Грузинская поговоркаСлучайно, конечно. Один раз ему повезло. Он потом даже смеялся, что он, наверное, единственный человек в Москве, кто хорошо отзывается о Звиади Цуриндели (Цуриндели и его работы, особенно памятники, сейчас принято громко и весело ругать)…
Звиади Михайлович, познакомившись с ним на выпускных экзаменах в Художественной академии, куда Глынина пригласил ее основатель, известный художник Михаил Андреевич Глазов, согласился дать Александру интервью, хотя и знал, где Саша работает… А было все так… Работал тогда Глынин в самой экстремистской, как ее величали эльцинские либералы, газете «В будущее», заменившей в 1994 году, после танкового расстрела Дома Советов, газету «Свет», у знаменитого Александра Порохова, прозаика, политического деятеля и чуть ли не серого кардинала объединенной патриотической оппозиции. Саша курировал в газете отдел поэзии и делал интервью с известными деятелями искусства и политики, учеными и спортсменами, космонавтами и даже одним митрополитом. И этот его странный телефонный, очень редко визуальный, интервьюерный «роман» с Глазовым, позиционирующим себя как русского православного патриота, правда, с успехом охаживающего и рисующего портреты всех разрушителей Родины – от одышливого Эльцина до бодрячка-мэра Кепкина по кличке Лужок, продолжался уже около года. Глынина разбирал теперь просто спортивный интерес, даст ли все-таки Михаил Андреевич интервью или опять под разными соусами увильнет – побоится. При первом знакомстве он, сославшись на срочный отъезд, познакомил Александра со своим учеником, работающим в Академии, руководителем кафедры исторической живописи – Михаилом Шаниным, прекрасным художником и человеком, и тот уже дал интервью и рассказал об Академии. Потом он просто вместо интервью пригласил Сашу поехать с ним и его учениками в Питер на его персональную выставку. Выставка, кстати, Саше очень понравилась, а с Шаниным так он вообще подружился. Миша даже стал крестным его детей. Потом Саша побывал у Глазова в мастерской, в высокой башне, выходящей своим гордым, неприступным фасадом на Новый Арбат и бывшую Собачью площадку. Его туда привели Шанин и Василий Глазов, сын Михаила Андреевича, тоже художник, работающий в этой же Академии. Но результат был абсолютно предсказуем. Только увидев Сашу на пороге, улыбающийся Глазов изменился в лице и с криком: «О, Глынин, поверишь ли, пукнуть некогда!» – скрылся за многочисленными осыпавшимися, словно позднеосенними, иконами, черными мрачными распятиями и дубовой резной, кованой, времен покоренья Крыма, мебелью… Сашу остались развлекать только ученики и некоторые картины Мастера… А глагол совершенного вида в неопределенной форме «пукнуть» до сих пор, спустя много лет, ассоциируется у Саши с фамилией Глазов…
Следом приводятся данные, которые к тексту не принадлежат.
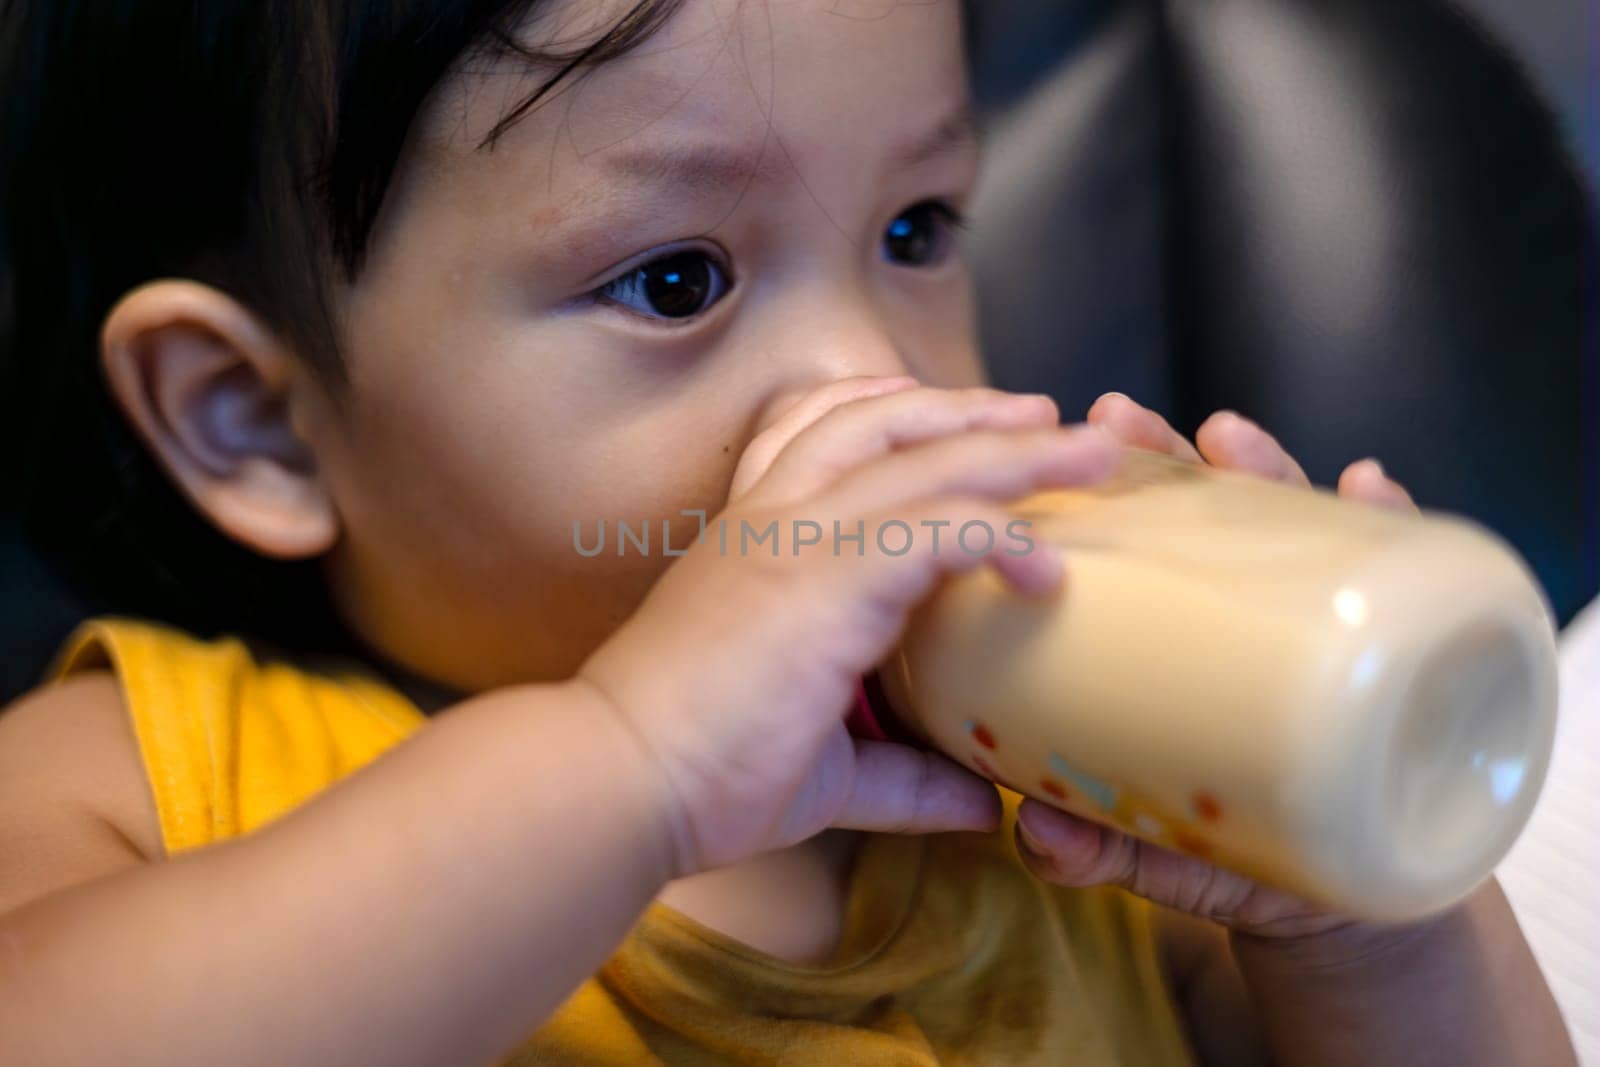 Baby Feeding Milk In The Bottle by urzine

…И вот Глазов прямо на развеске (это когда комиссия из своих и приглашенных начальствующих знаменитостей ходит по залам и рассматривает работы студентов, развешанные по стенам) подводит Глынина к Цуриндели и, расплываясь в немолодой придворной ласковости, нежно и заботливо произносит, – Вот, Звиади Михайлович, журналист известной газеты «В будущее» Глынин интересуется русским искусством, великими художниками. Я его сразу к вам, пообщаетесь?